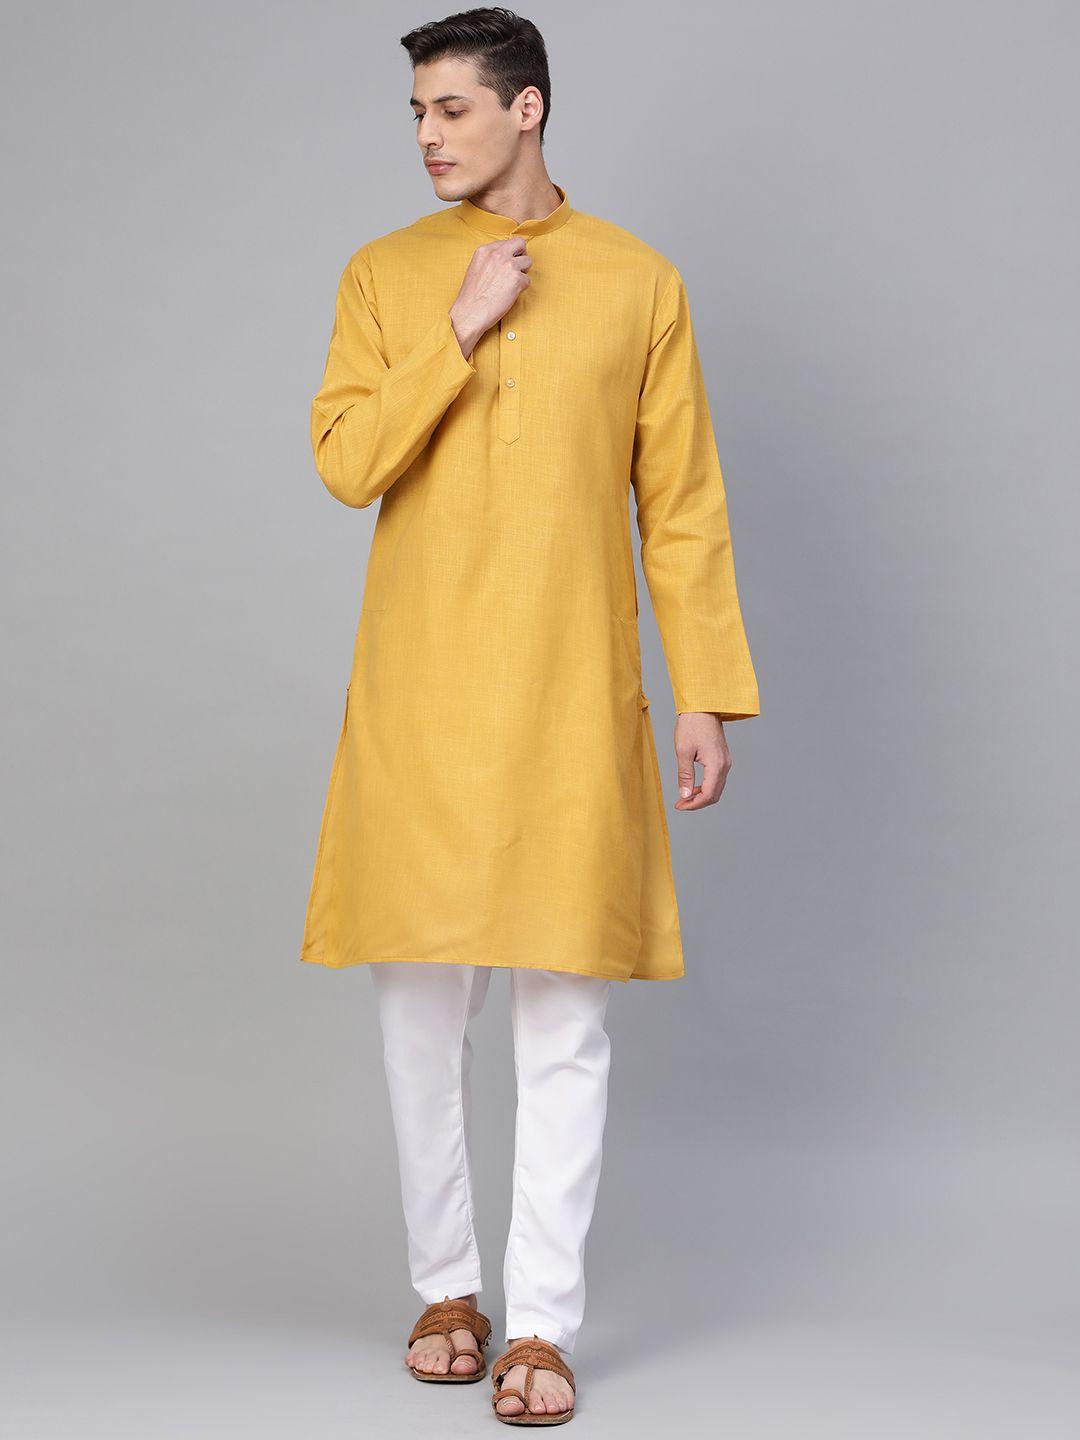 manq-men-mustard-yellow-&-white-solid-kurta-with-pyjamas
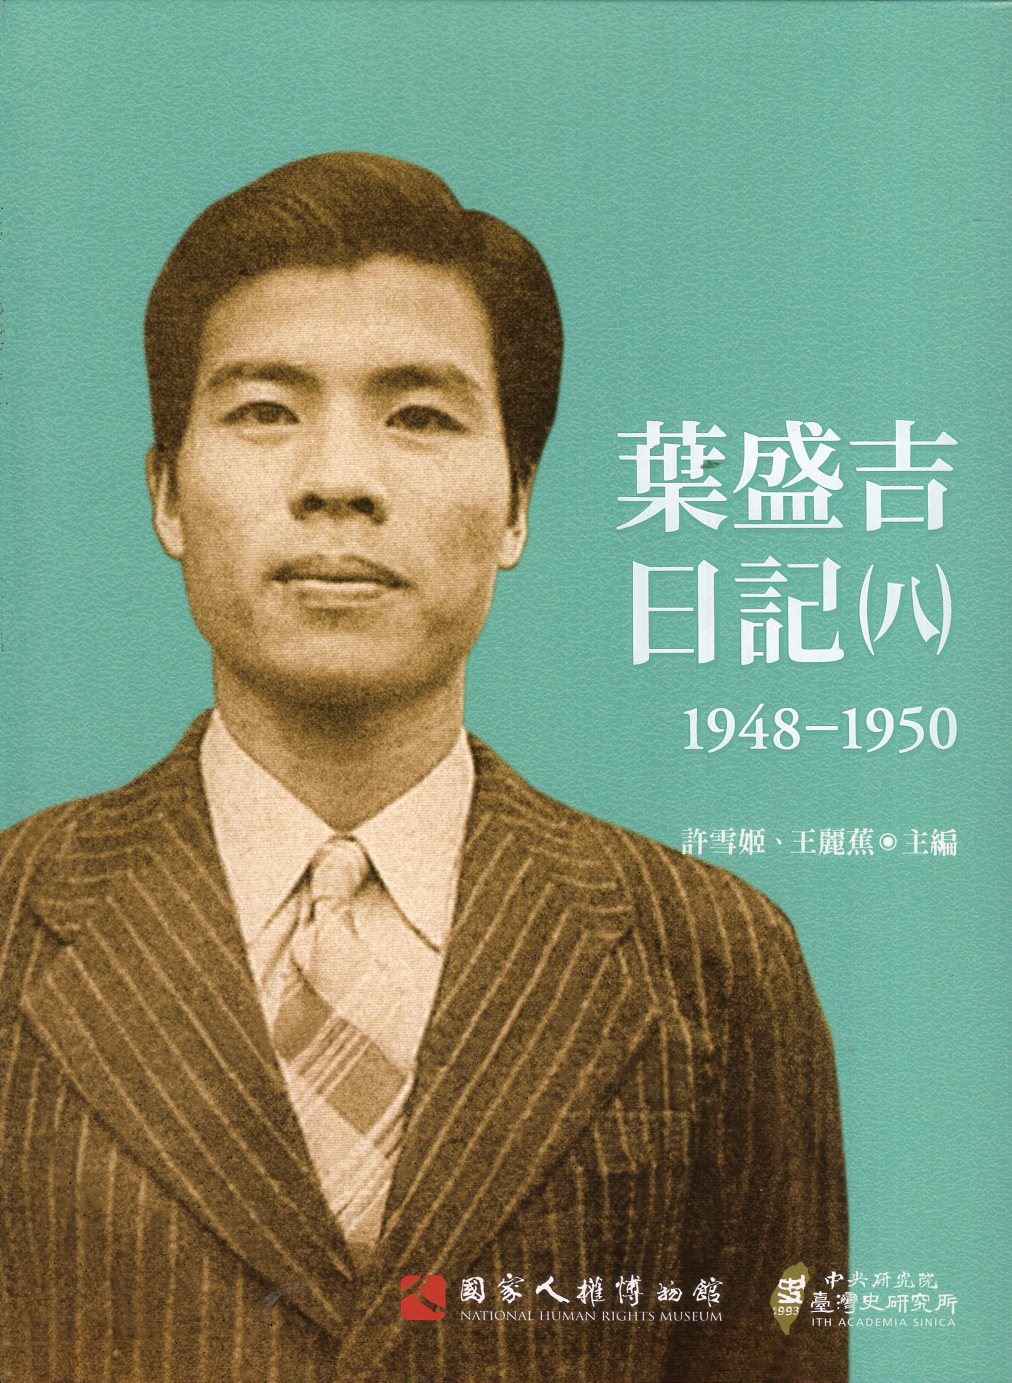 葉盛吉日記(八)1948-1950 的圖說
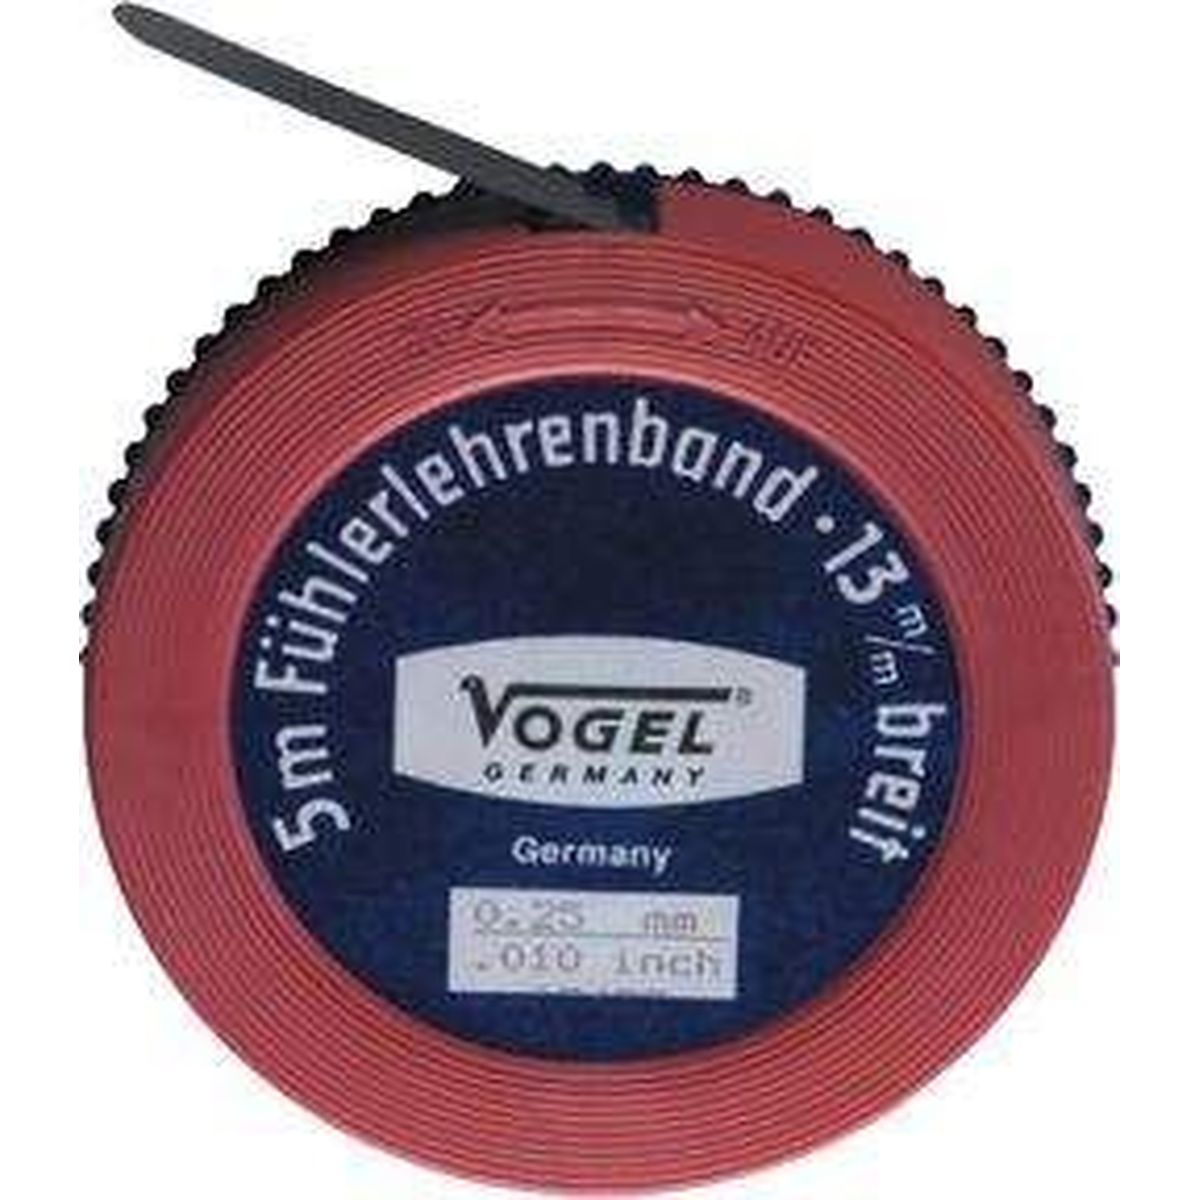 Feeler Gauge Band 0 30mm/.01212 7 mm x 5 VOGEL GERMANY
====
Required work
The listing is to be reproduced in full and exactly, except that its pictures are to be dropped.

Answer to the exercise
 manq-men-mustard-yellow-&-white-solid-kurta-with-pyjamas
 葉盛吉日記(八)1948-1950 的圖說
 Feeler Gauge Band 0 30mm/.01212 7 mm x 5 VOGEL GERMANY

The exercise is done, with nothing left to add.